Three Poems
by Kristin Camitta Zimet


MRS. CHARLES CHAPLIN
Portrait by George Romney, 1781, Oil on canvas


I’m not Mrs. Charles. She’s a mockup, satin doll
tailored tight at bosom and bustle. She can’t
breathe, except in measured stanzas, stilted iambs.
Mincing brush strokes. Mannered flourishes.
Never a dropped hairpin, a pulled stitch, a stray
ribbon. If her cheek is flushed, it is with rouge;
if her mind spreads, it’s stiff as a fan. But look
past her lap. Over in the sky I sail, blown loose,
hoydenish and stormy. Glorious. She thins
her lips in a hard smile and keeps on looking
anywhere but there. Which is a fine distraction.
I see you’re not fooled. Help me: don’t tell.

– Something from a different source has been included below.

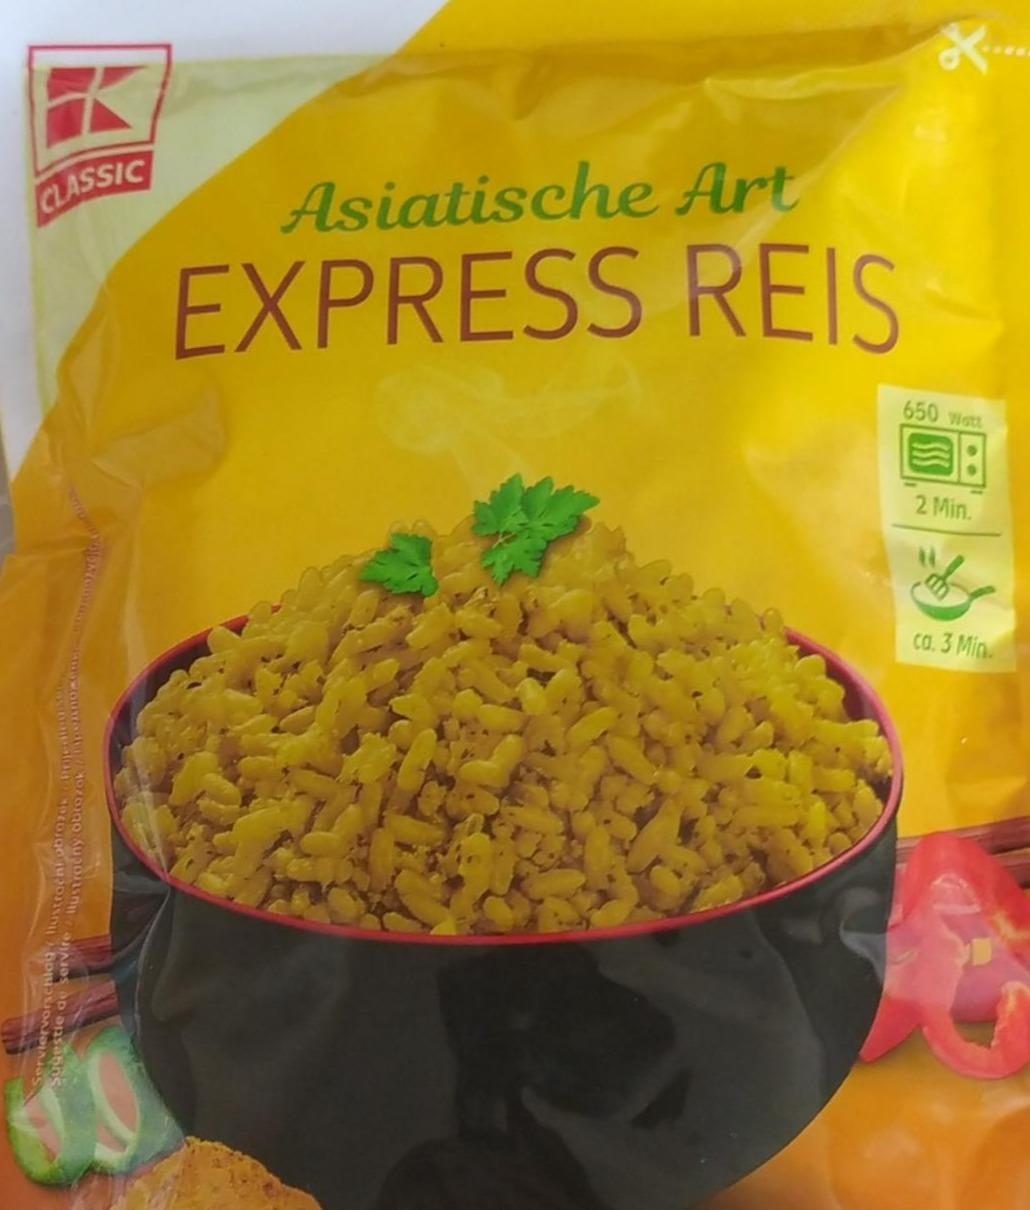 Fotografie - Asiatische Art Express Reis K-Classic
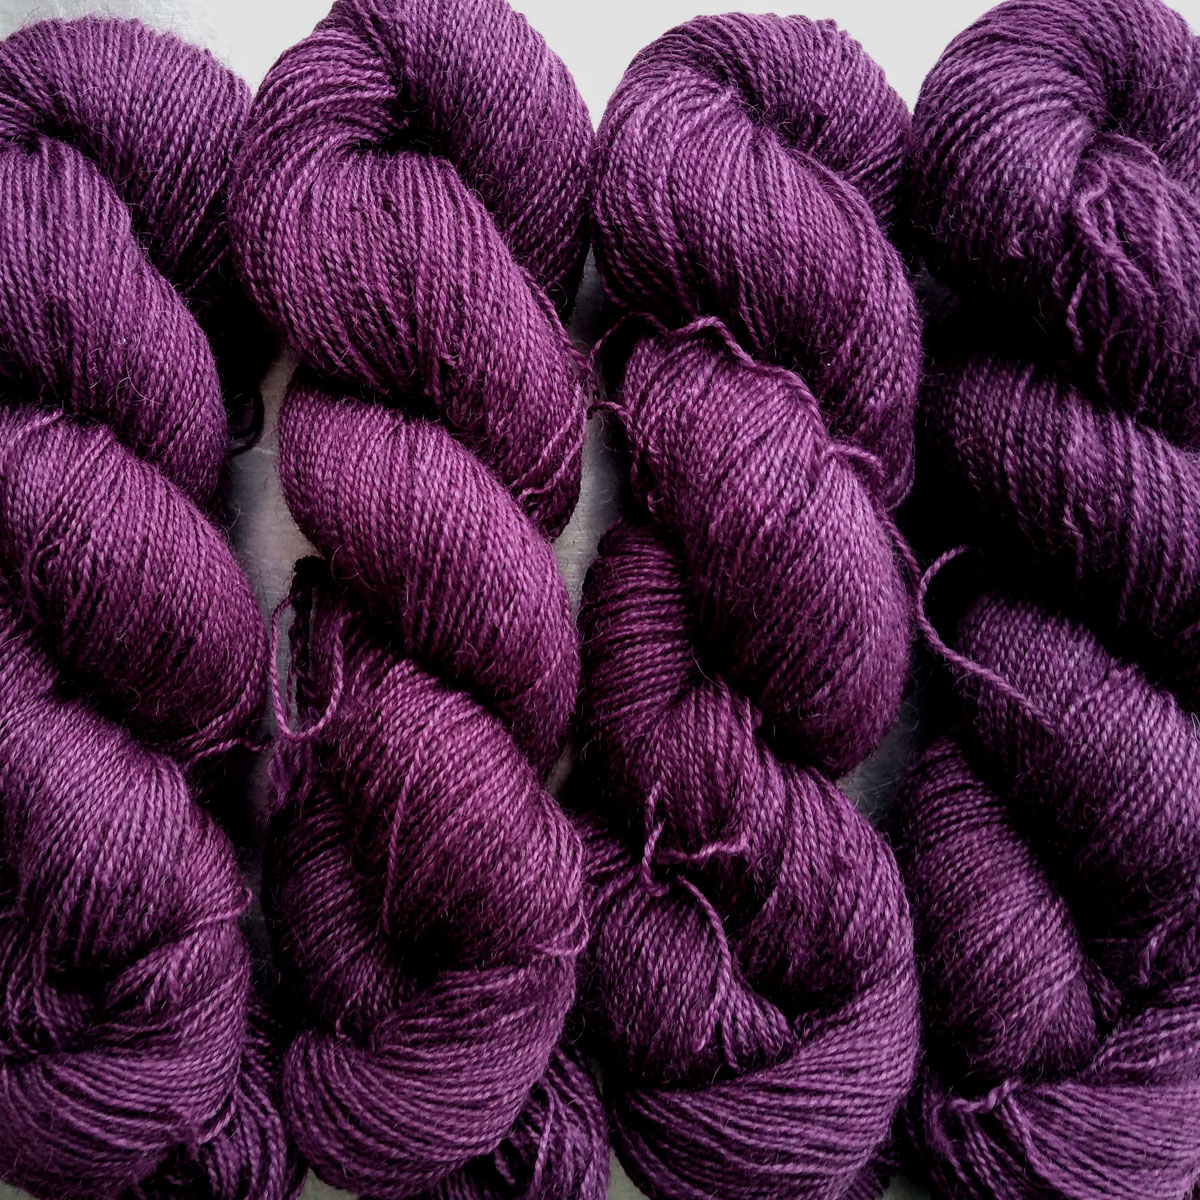 download tyrian purple dye for sale

Charles Chaplin (1825-1891). “Madame Charles Chaplin”. Huile sur toile, 1863. Musée des Beaux-Arts de la Ville de Paris, Petit Palais.


PAINTING “THE BRIDGE”

I didn’t know I had to break the moon.
It stood before the bridge, a bright blot,
the way an angel can’t forsake the foreground. 
The way fear swims a nerve. 
The moon would not lie down.
Paint puddled there, like milk hit from my hands. 
It clung like the slick my father left 
in my pajama bottoms, in the bed
that would not swallow me.
It thickened like the glare 
the priest poured on my head 
for asking the bad questions 
while the light, the light fell on me, 
marking me, not an annunciation 
but a sign of quarantine. 

I pushed the brush, I used up all the white, 
but back behind the moon, up in the gap 
between the mother and the father piers 
the cables crossed like bitten lips, 
like one leg locking down 
the other leg, and falling lines 
chopped my horizon and my children’s up–
I didn’t know. 
I had to. 
Break. 

myface 
  slides between slats 
    of a steel playpen.  Lift
     me lift  
       me out: 
        Mommy/I  thirsty  

 kneewon’t.    touchdon’t

             allgone

rockabye, the sky 
is plowed with light. 


VERSIONS OF A PAINTING  

1.

The Baby is invisible. This is not 
about the Baby. Slapped upside-down 
six months ago, flattened beneath
a quilt, halved by the frame’s bottom, 
image slid away like a magician’s 
card. She is the mother’s mirror, 
under-queen of hearts. Patched-up,
her alphabet bisects at O. She is 
bottle-fed at blocked-out hours.

Diane Dennis

2.

On the primed canvas floats the first
mother-face. Over quilted squares, 
Z to O, it hovers, an illusion,
hair trapped into waves, lips slicked 
cadmium red. Pearls noose the neck 
in tight circles, under-grins below 
a change-purse pout. Spiked heels 
keep the feet from touching down.
A high blue frock closes the body.

3.

The next mother has a screwed-up 
mouth, scarf crammed in sleeve.   
The eyes shift left for a way out 
but the wall has no openings, only 
tacked-up futures: zero, a tangle 
of cut nerves. Bodice stripped, 
breasts minus nipples, her arms 
half curve over the baby, almost 
clamped for a carnival ride.

4.

The third face the mother gets
is round against the nursery’s 
corners and angles. Her breasts
pop up but her torso tenses,  
made to vanish under a long 
layered spell she tries to unsay. 
Mommy, she calls, Mommy.
The painter’s face dawns overhead.
From her brush, paint jets like milk.


Kristin Camitta Zimet is the author of a collection of poems, Take in My Arms the Dark. She was the longtime editor of The Sow’s Ear Poetry Review. She lives in the Shenandoah Valley, where she is a poet, artist, nature interpreter, and healer. A devoted member of the Virginia Master Naturalists and the Virginia Native Plant Society, she has been creating a Wildflower of the Week series, and interpretation for the Sensory Explorers’ Trail at Sky Meadows State Park.